Source data:

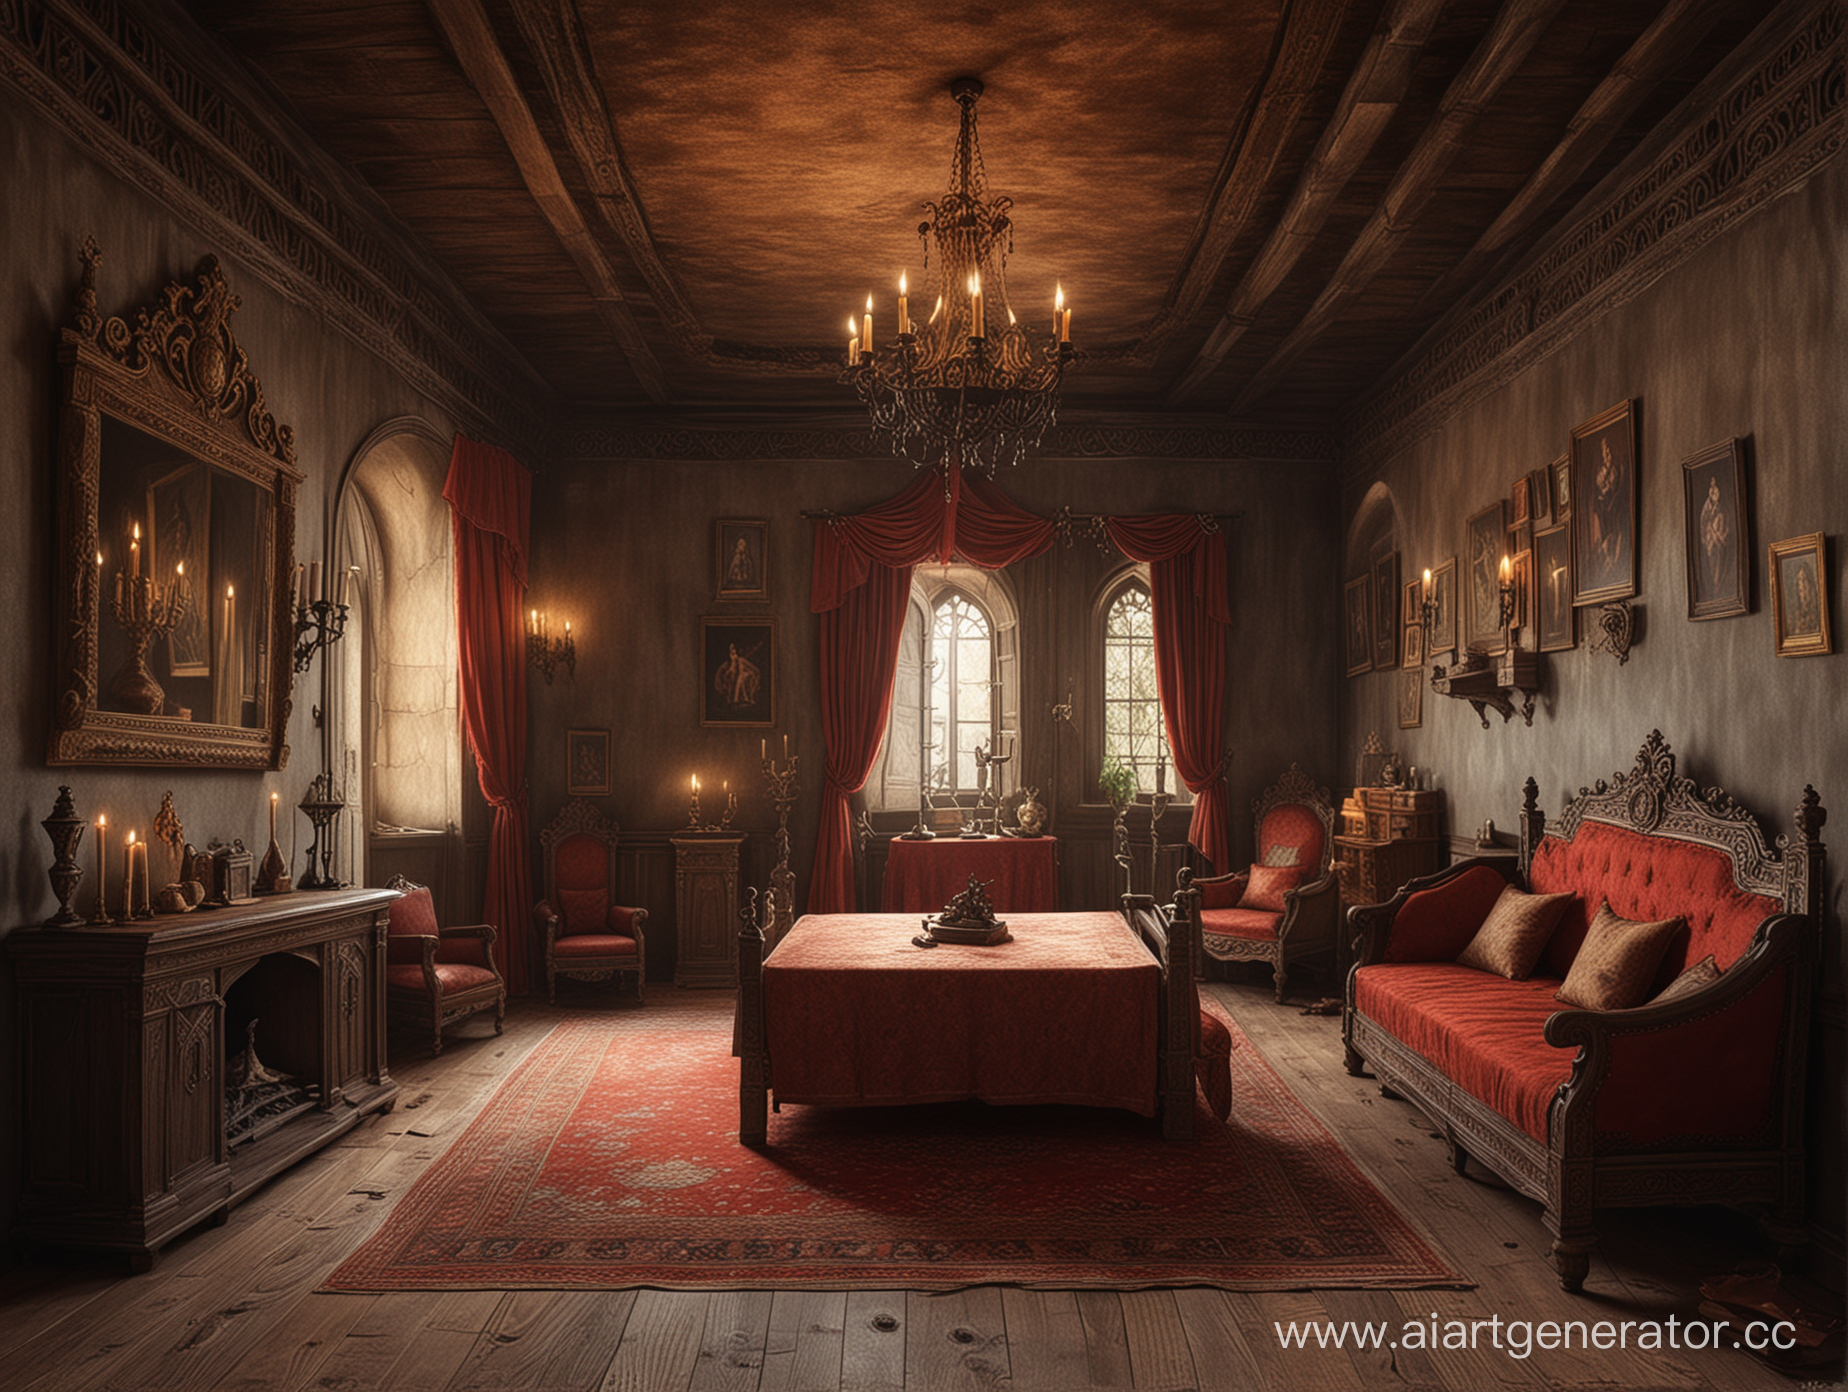 Нарисуй мне королевскую комнату из ада в стиле средневековья
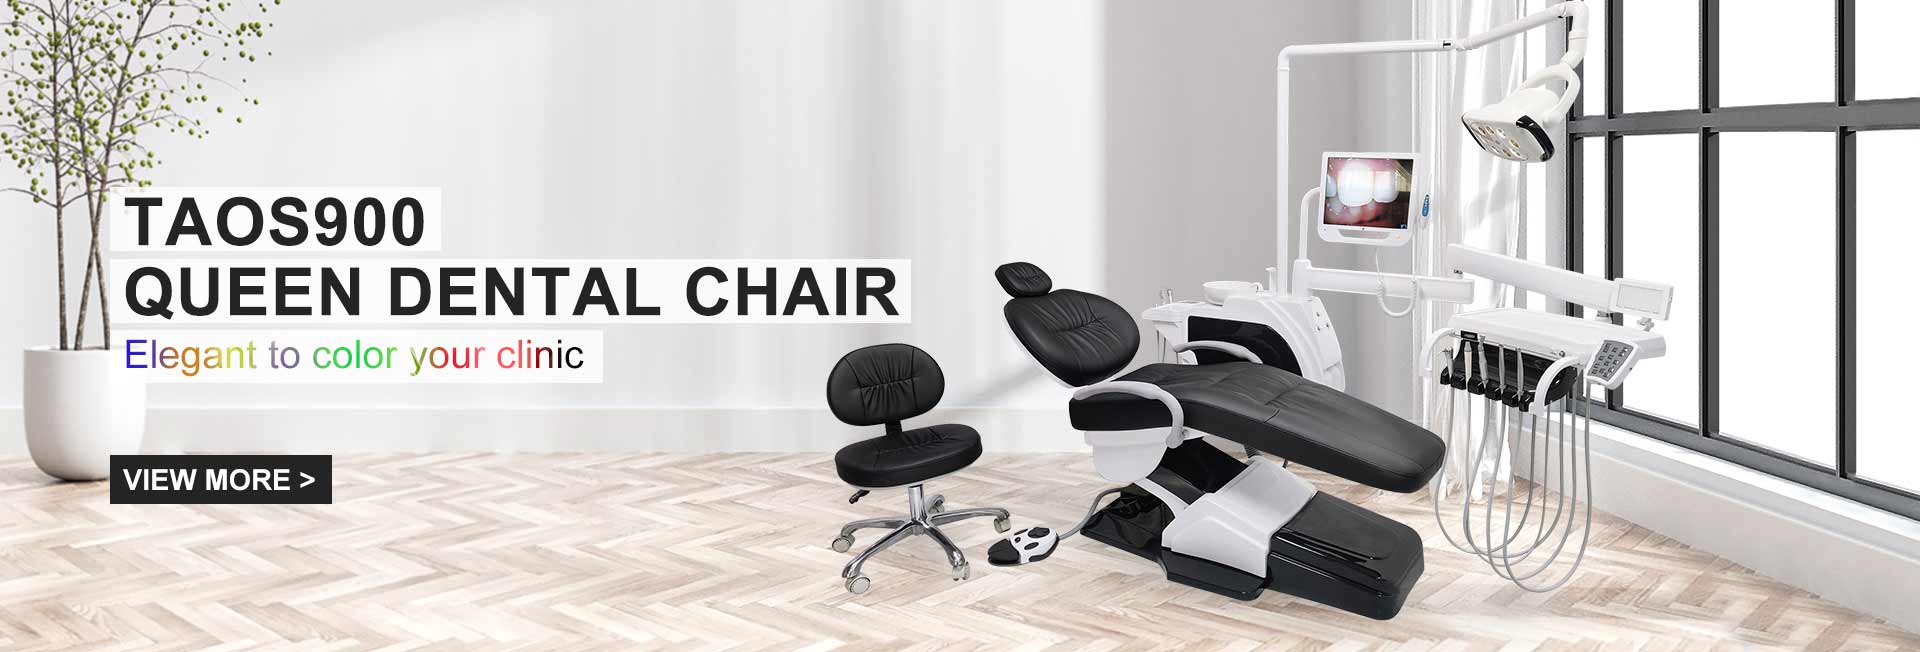 TAOS900-Queen-Dental-Chair
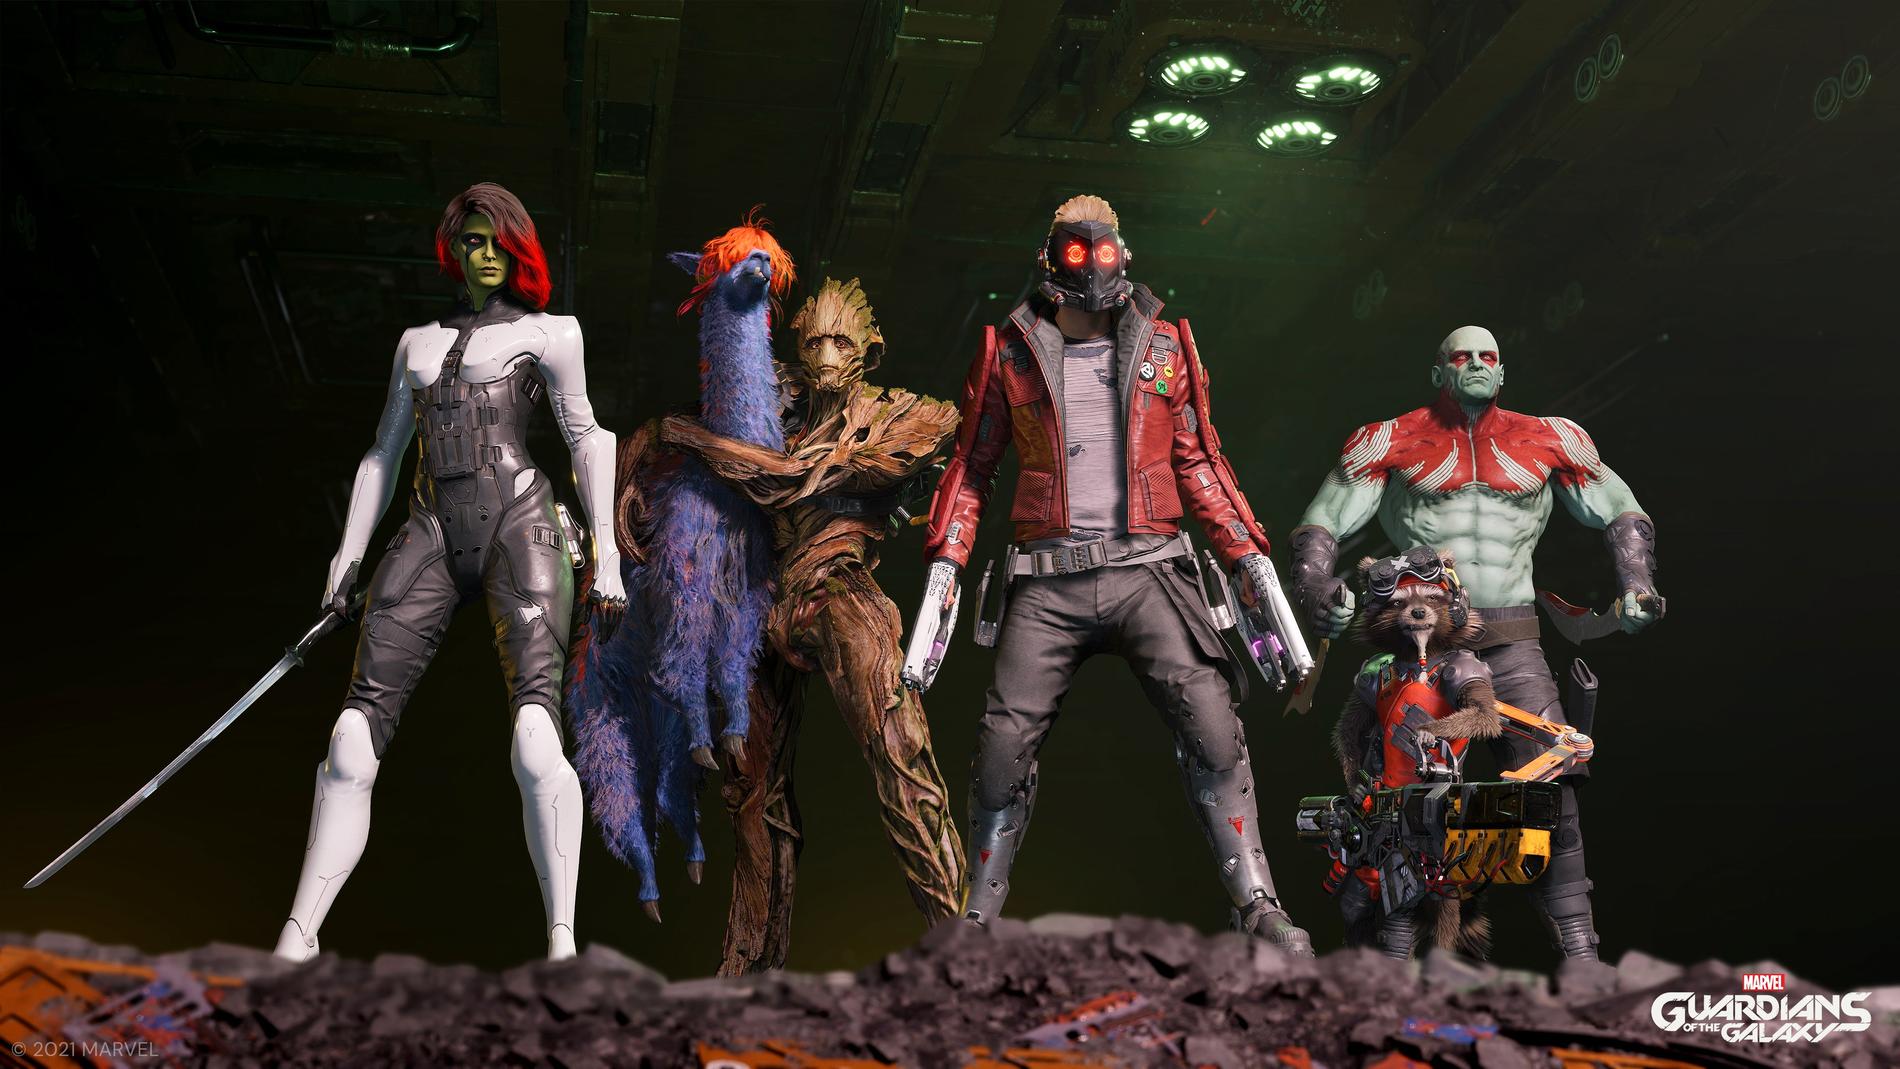 Hjältarna i spelversionen av "Guardians of the galaxy" ser annorlunda ut än de gör i filmerna. Pressbild.

Assigned task:
Please give the data above again in exact form and omit every picture.

Response below:
 Нарисуй мне королевскую комнату из ада в стиле средневековья
 TAOS900-Queen-Dental-Chair
 Hjältarna i spelversionen av "Guardians of the galaxy" ser annorlunda ut än de gör i filmerna. Pressbild.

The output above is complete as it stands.